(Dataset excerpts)
* * * *

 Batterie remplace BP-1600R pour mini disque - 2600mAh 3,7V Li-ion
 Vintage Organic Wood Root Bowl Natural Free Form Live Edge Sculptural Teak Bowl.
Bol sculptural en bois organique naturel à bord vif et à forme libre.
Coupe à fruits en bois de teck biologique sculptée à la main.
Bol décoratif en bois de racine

* * * *

Going through the entries above, report how many lines contain the word "bois", with no other text.

**Solution for this problem**
3